В лагере царила тишина. Тусклый месячный свет пробивался сквозь щёлку входа. Я уже было закрыл глаза, когда услышал шепот Митьки:
— В одном чёрном-пречёрном лесу была чёрная-пречёрная поляна. И на той чёрной-пречёрной поляне, стоял чёрный-пречёрный дом...
Я эту историю слышал уже раз сто, потому что Митька никогда не упускал возможности поделиться ею с кем-нибудь. Единственным, что нужно было для этого, — тьма. Такая тьма, как сейчас, его устраивала.
— ...Стоял чёрный-пречёрный стол, — зловеще шептал мой друг. — А на тому чёрном-пречёрном столе стояла чёрная-пречёрная...
Как ни удивительно, Славка выслушал рассказ почти до конца, только когда Митька начал о красной руке, не выдержал и начал просить, чтобы тот перестал. Митька порассказывал ещё немного и замолк. Я задремал, но со вскоре проснулся от дикого визга. Оказалось, что это Митька подполз к Славке и схватил его за ногу.
Славка сидел на кровати и грозился, что завтра о всем расскажет вожатой. Митька оправдывался, что это он просто по-дружески пошутил, и просил, чтобы Славка не рассказывал.
— Просто ты мне сразу понравился, — объяснял он. — А если мне человек нравится, то мне с ним хочется пошутить. А если мне с кем-то не хочется шутить, то так и знай — меня этот человек не интересует.
Славка же говорил, что он знать ничего не хочет и что ему безразлично, с кем там Митька шутит, но чтобы с ним так не шутил. Он слез на пол, полез под кровать и вытянул оттуда аккордеон.
— Это ты зачем? — изумился Митька.
— Я вспомнил, что сегодня не играл, а мне надо упражняться каждый день, — объяснил Славка.
— Так уже же поздно!
— Раз для твоих идиотских шуток не поздно, — ответил Славка, — то для музыки и подавно. Я тихонько. Никто и не услышит. Всё равно ты спать не даешь.
Сперва он заиграл, как сам объявил, гамму до-мажор, потом ре-мажор.
Митька же сказал, что он мажорные гаммы знает как облупленные, потому что на уроках пения весь класс их поёт, и что Славкины гаммы не то что до-мажором, а и с гамами ничего общего не имеют.
— И надо было тебе ради таких гамм аккордеон сюда тащить! Я думал, ты Баха будешь играть или «битлов».
— Так темно же, — оправдывался Славка. — Клавиш не видно.
— А как не видно, то не играй.
Но Славка не послушался и объявил ми мажор.
Однако ми мажор он заиграть не успел, потому что к нам вбежал начальник лагеря.

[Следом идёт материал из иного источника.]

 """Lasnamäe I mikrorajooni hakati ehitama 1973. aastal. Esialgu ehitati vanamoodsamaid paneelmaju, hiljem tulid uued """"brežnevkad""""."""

— Это ты, Омельчук, снова? — зашептал он, хотя, как мне казалось, ему хотелось кричать. — Чтобы завтра и духа твоего не было в лагере. Сам, сам отвезу тебя домой и собственноручно передам родителям!

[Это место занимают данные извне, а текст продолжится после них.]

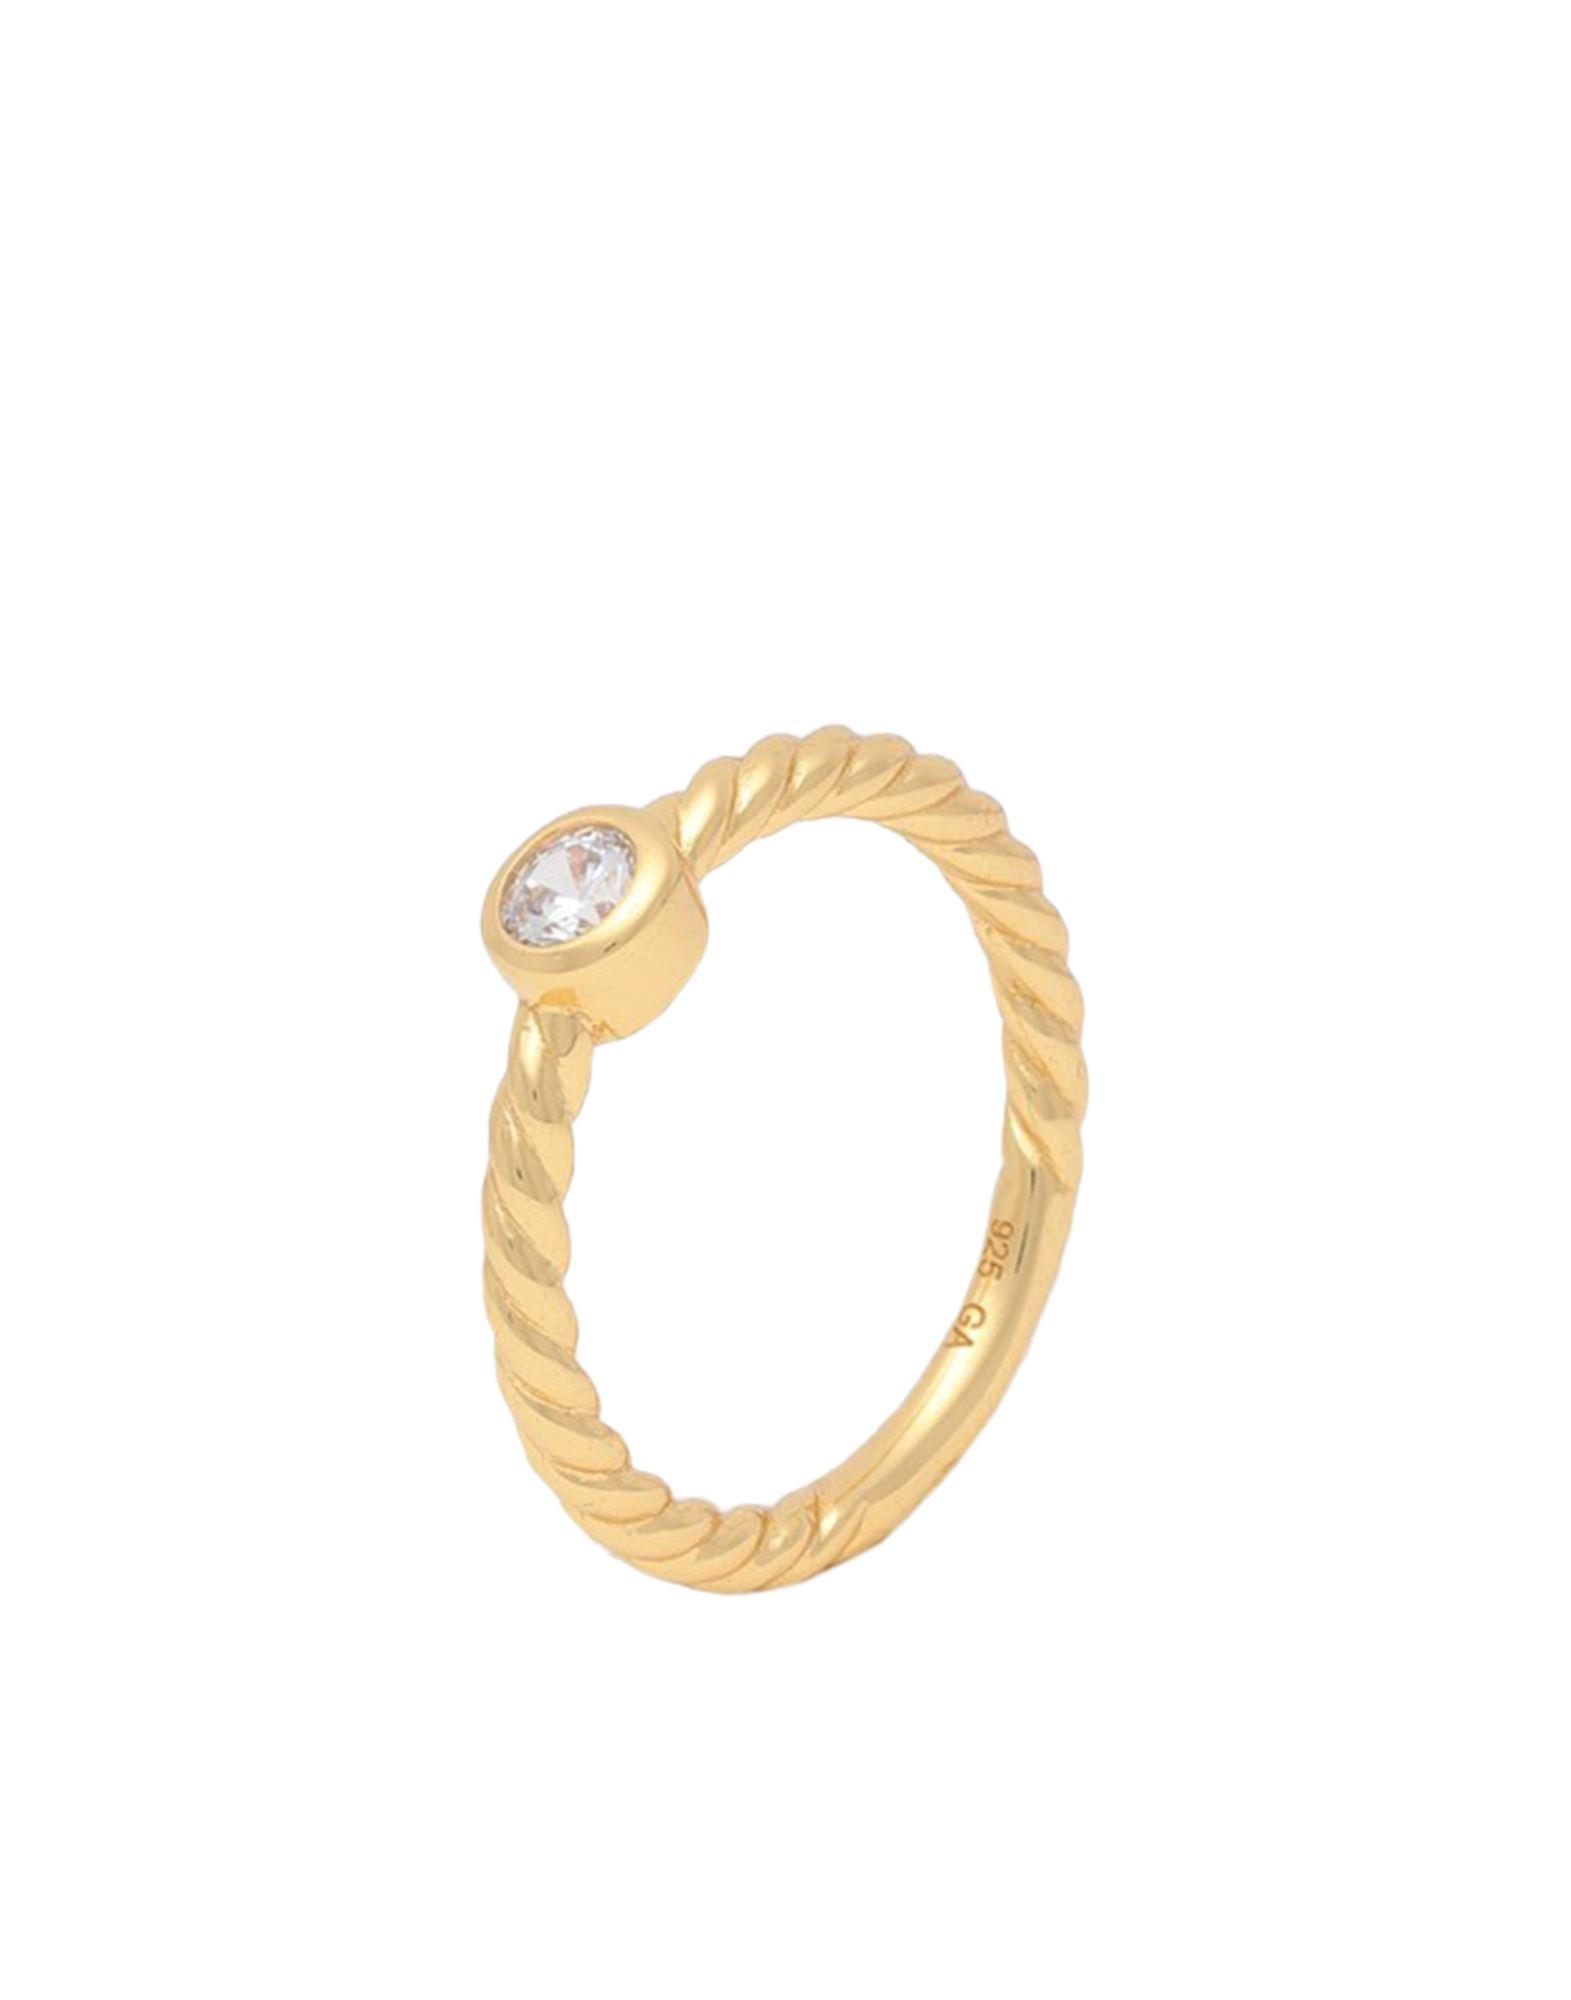 《セール開催中》GALLERIA ARMADORO レディース 指輪 ゴールド 54 シルバー925/1000 / 18金メッキ SPEIRA ROUND WCZ RING

— Ну вот, снова Омельчук... — заканючил Митька. — Всегда Омельчук! Я сплю давно! Разве я виноват, что ему среди ночи играть захотелось?

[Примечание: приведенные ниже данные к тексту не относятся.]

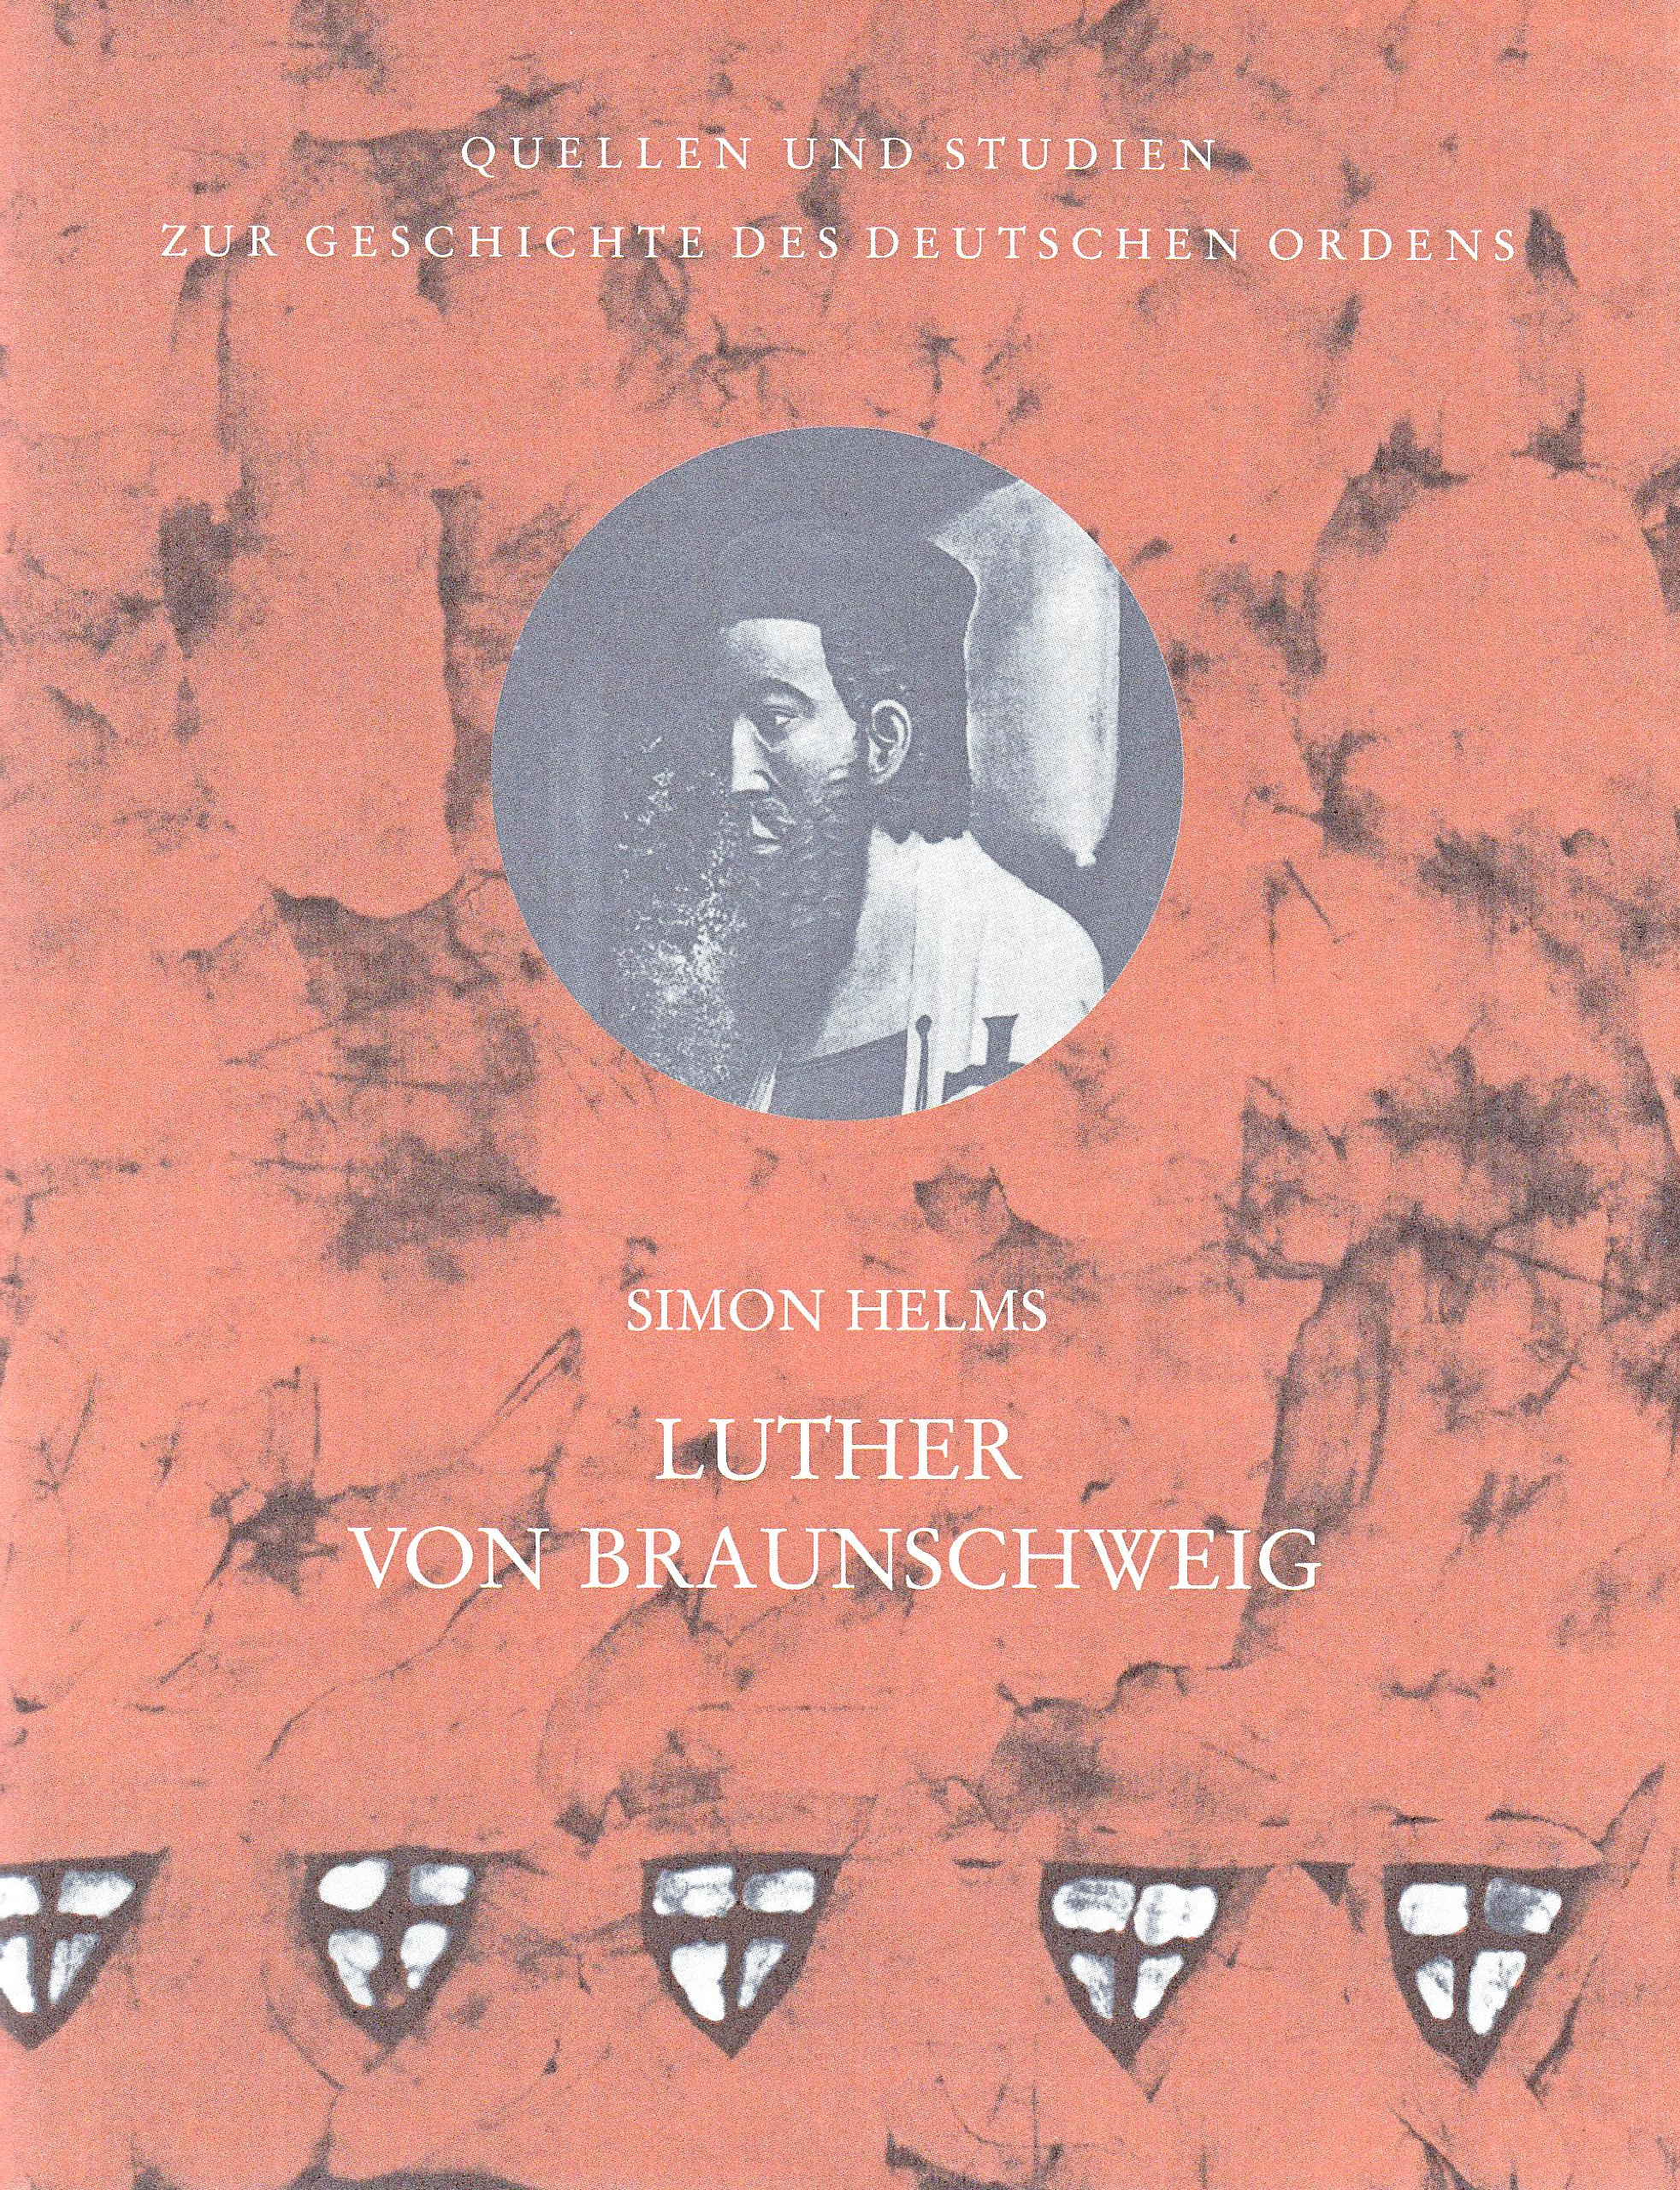 Luther von Braunschweig. Der Deutsche Orden in Preußen zwischen Krise und Stabilisierung und das Wirken eines Fürsten in der ersten Hälfte des 14. Jahrhunderts

— Удивительно! — сказал начальник лагеря, увидев Славку. — Это ты решил играть?
— Ага! — чистосердечно сознался тот. — Мне нужно упражняться каждый день, а сегодня, значит, я день пропустил.
— Ну ничего, — утешил его начальник лагеря. — Завтра будешь играть вдвое больше чем обычно. А сейчас — спать!
— Вишь, — сказал переждав Митька. — Ему — так ничего, а меня — так из лагеря...
Он ещё немного побубнил, а потом замолк и засвистел носом. Славка дышал глубоко, и я понял — он тоже спит.
Я же заснуть не мог — все время переворачивался с боку на бок и сердился на Митьку с Славкой. «Это же надо, — думалось, — не давали человеку покоя, говорили, бегали по лагерю, визжали и играли на аккордеоне, а теперь спят как убитые. А ты здесь мучься бессонницей в юные годы».
И вдруг я услышал на улице чьи-то шаги. Собственно, если бы это были просто шаги, то ничего необыкновенного или страшного в них и не было б. Но это были не просто шаги: осторожные, вкрадчивые — это я понял сразу. Шаги приблизились к нашей палатке, минули её и стали отдалятся.
«Может, вор? — мелькнула мысль. — Или какой-нибудь бандит?» И здесь чего-то я вспомнил Митькин рассказ о красной руке. Не могу сказать, что от того на душе моей стало легче. Я укрылся с головой, но стало еще страшнее. Воображалось, что тот, кто ходит на улице, зайдет к палатку и врежет по голове; а то и душить начнет своей красной рукой. Я осторожно высунул нос наружу: едва слышные шаги снова приближались.
Я быстро натянул на ноги сандалии и разбудил Митьку со Славкой. Сначала Митька рассердился, но, когда узнал, что по лагерю кто-то бродит, обрадовался.